Ему девять. И он жил с отцом в старом заброшенном доме, вдали от каких-либо людей. В доме не было воды и света, но Томас считал, что они живут ничуть не хуже, а даже лучше, чем другие.
Томас вывел ещё одно слово и замер, напряжённо глядя в пергамент. Неверно. Вместо одной буквы у него вышла абсолютно другая. Это была уже пятая ошибка в одном предложении. Он сидел тут уже час и не мог сосредоточиться, пока за спиной нависала тяжёлая фигура отца. У того заканчивалось терпение.
— Да ты можешь хоть переписать нормально, щенок?! — терпение закончилось.
Отец грубо схватил его за волосы, и Томас задержал дыхание, готовый к удару. Он был не вправе сопротивляться. Его с размаху приложили головой об стол, и Томас едва сдержал болезненный всхлип. В горло потекла горячая жидкость с металлическим привкусом, и Томас поднял голову, как только хватка отца ослабла.
На пергамент капали алые капли, оставляя безобразные кляксы. Томас больше не шевелился, терпя тупую боль в разбитом носу и противное ощущение от привкуса собственной крови.
— Иди умойся, — отец грубо пихнул его в плечо, и Томас свалился с трехногого табурета, не удержавшись.
Он тут же вскочил на ноги и побежал на задний двор. Не хватало только отхватить ещё и за медлительность. Задний двор порос сорняком, через него была протоптана лишь тропинка дальше в лес и к ручью. Оттуда отец и носил воду.
Томас зачерпнул тёплой воды из корыта и, пытаясь сильно не задевать нос, стал смывать кровь с лица. Не в первый раз. Он привык к такому воспитанию и был уверен, что иначе никак нельзя.

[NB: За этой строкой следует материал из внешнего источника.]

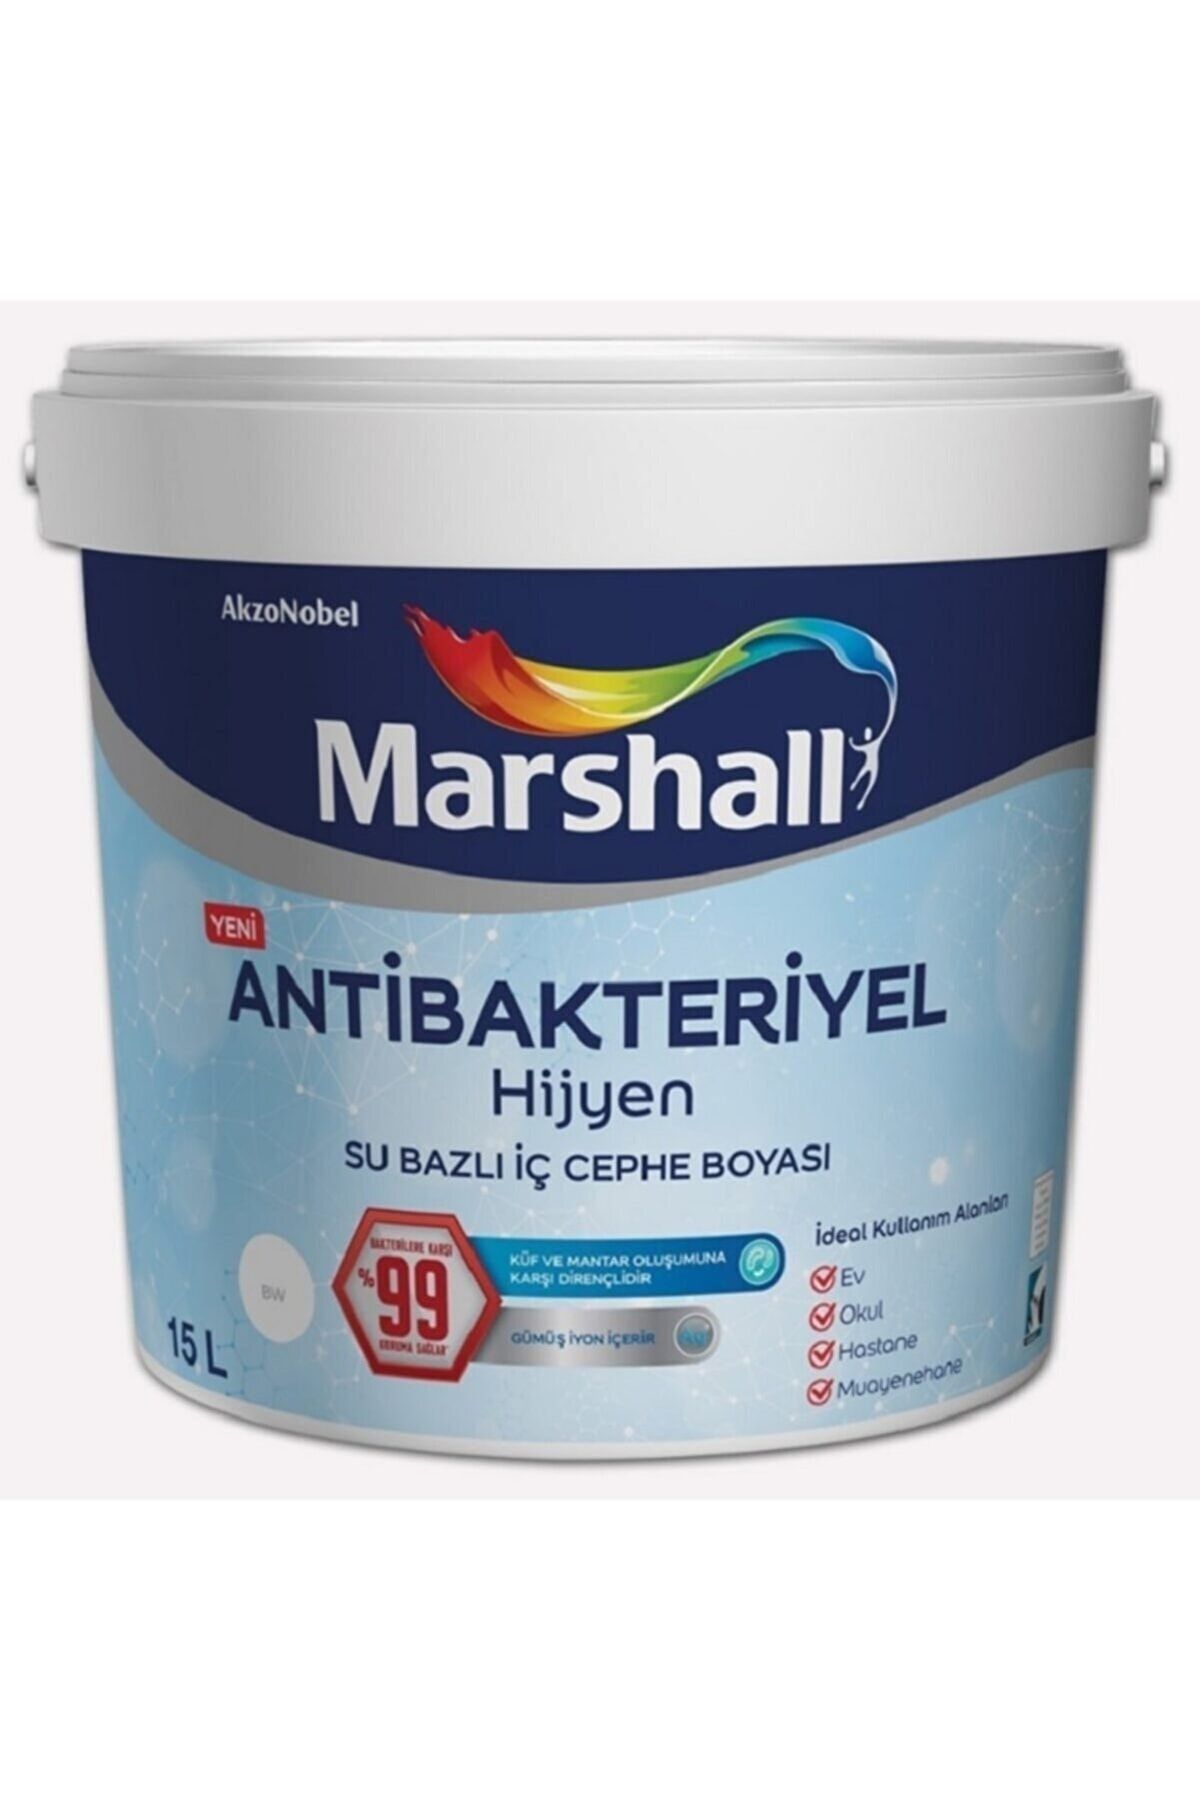 Marshall Antibakteriyel Hijyen Antiküf Iç Cephe Boyası 15 Lt [20 Kg]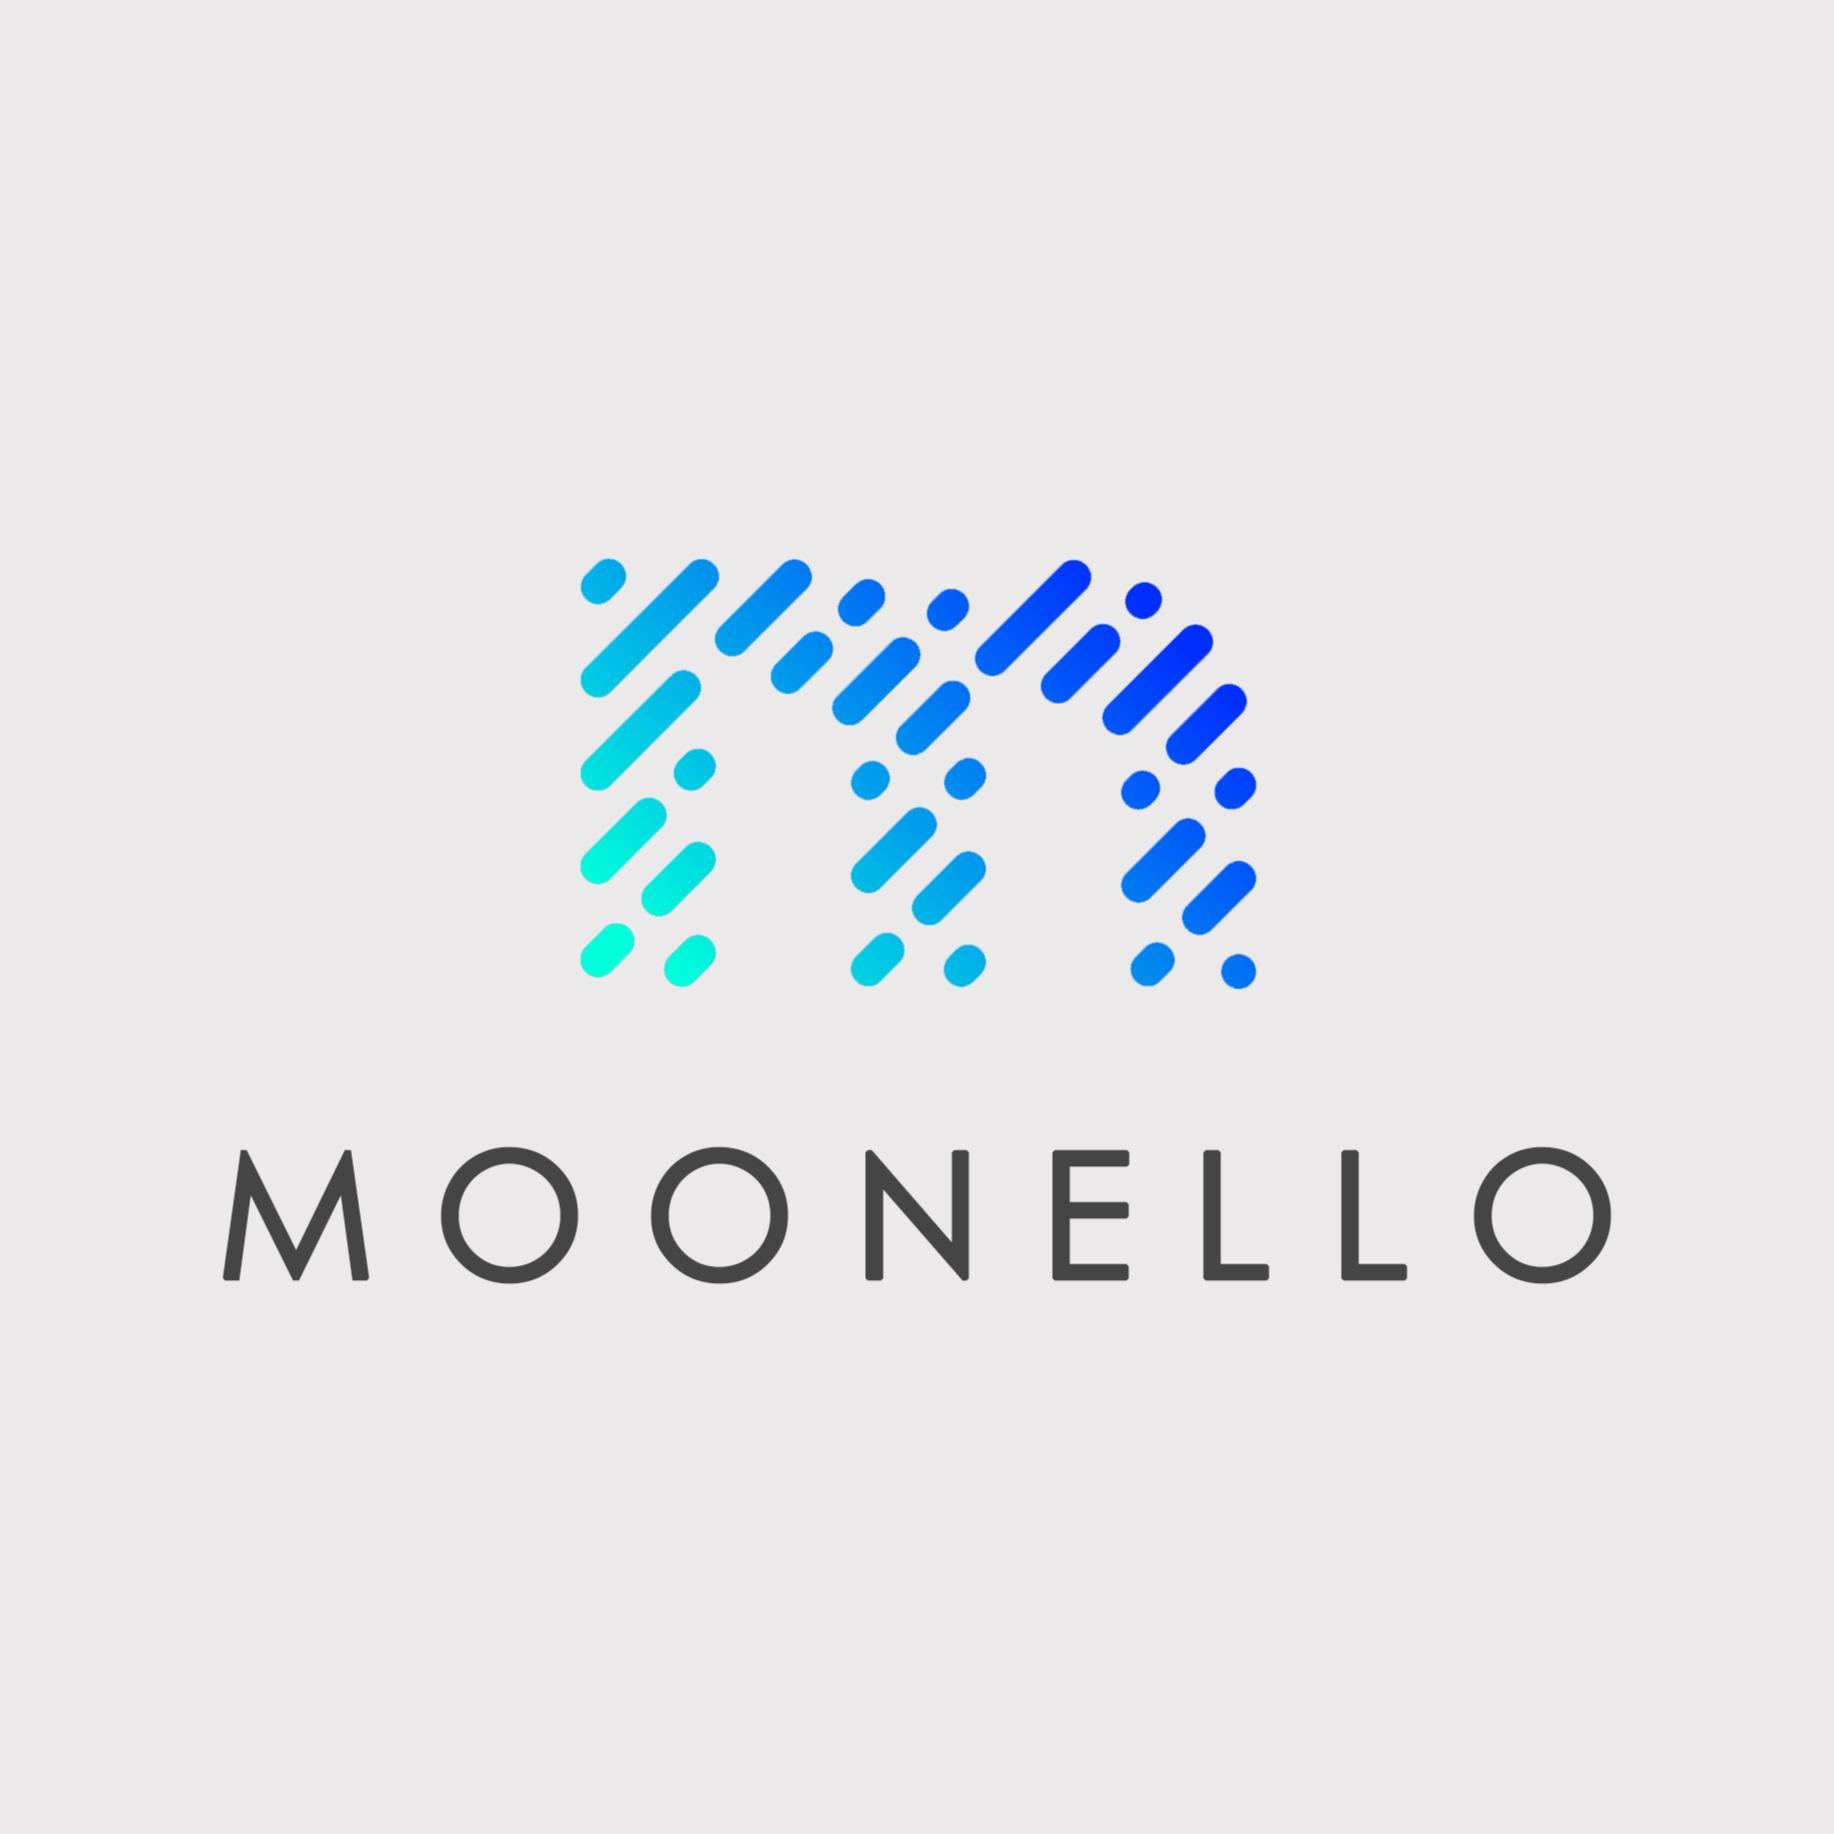 Moonello - Royal Oak, MI 48067 - (248)264-7014 | ShowMeLocal.com

Поднял голову к небу и глубоко вдохнул ртом, ожидая, пока кровь всё же перестанет идти. Иногда хотелось уйти. Куда-нибудь в лес, подальше, жить одному, но так, как хочется только ему. Но без отца было не выжить.
Уже ночью, лёжа на своей лежанке возле печи, Томас разглядывал картинки единственной книги. Освещения в доме не было, но он прекрасно видел в темноте и без всяких источников света. Да и буквы ему не нужно было видеть, всё равно Томас не мог прочитать написанного. Лишь знал от отца, что это была книга о Скандинавской мифологии. Эти два слова не давали ему абсолютно никакой информации, и Томас с лёгкой детской руки назвал их сказками.
Он в которой раз разглядывал рисунок гигантского волка, которого заковывали в цепи. Люди на его фоне были совсем крошечные, но как-то держали большой меч, направляя его ровно на пасть волка. Тот щерился в оскале, и Томасу думалось, что он испуган. За что его заковали? Что он такого сделал людям, раз те решили, что это единственный выход? У Томаса ответа не было, но он чувствовал странное родство с этим зверем.
* * *
— Пошевеливайся, — грубый тычок в спину заставил идти быстрее.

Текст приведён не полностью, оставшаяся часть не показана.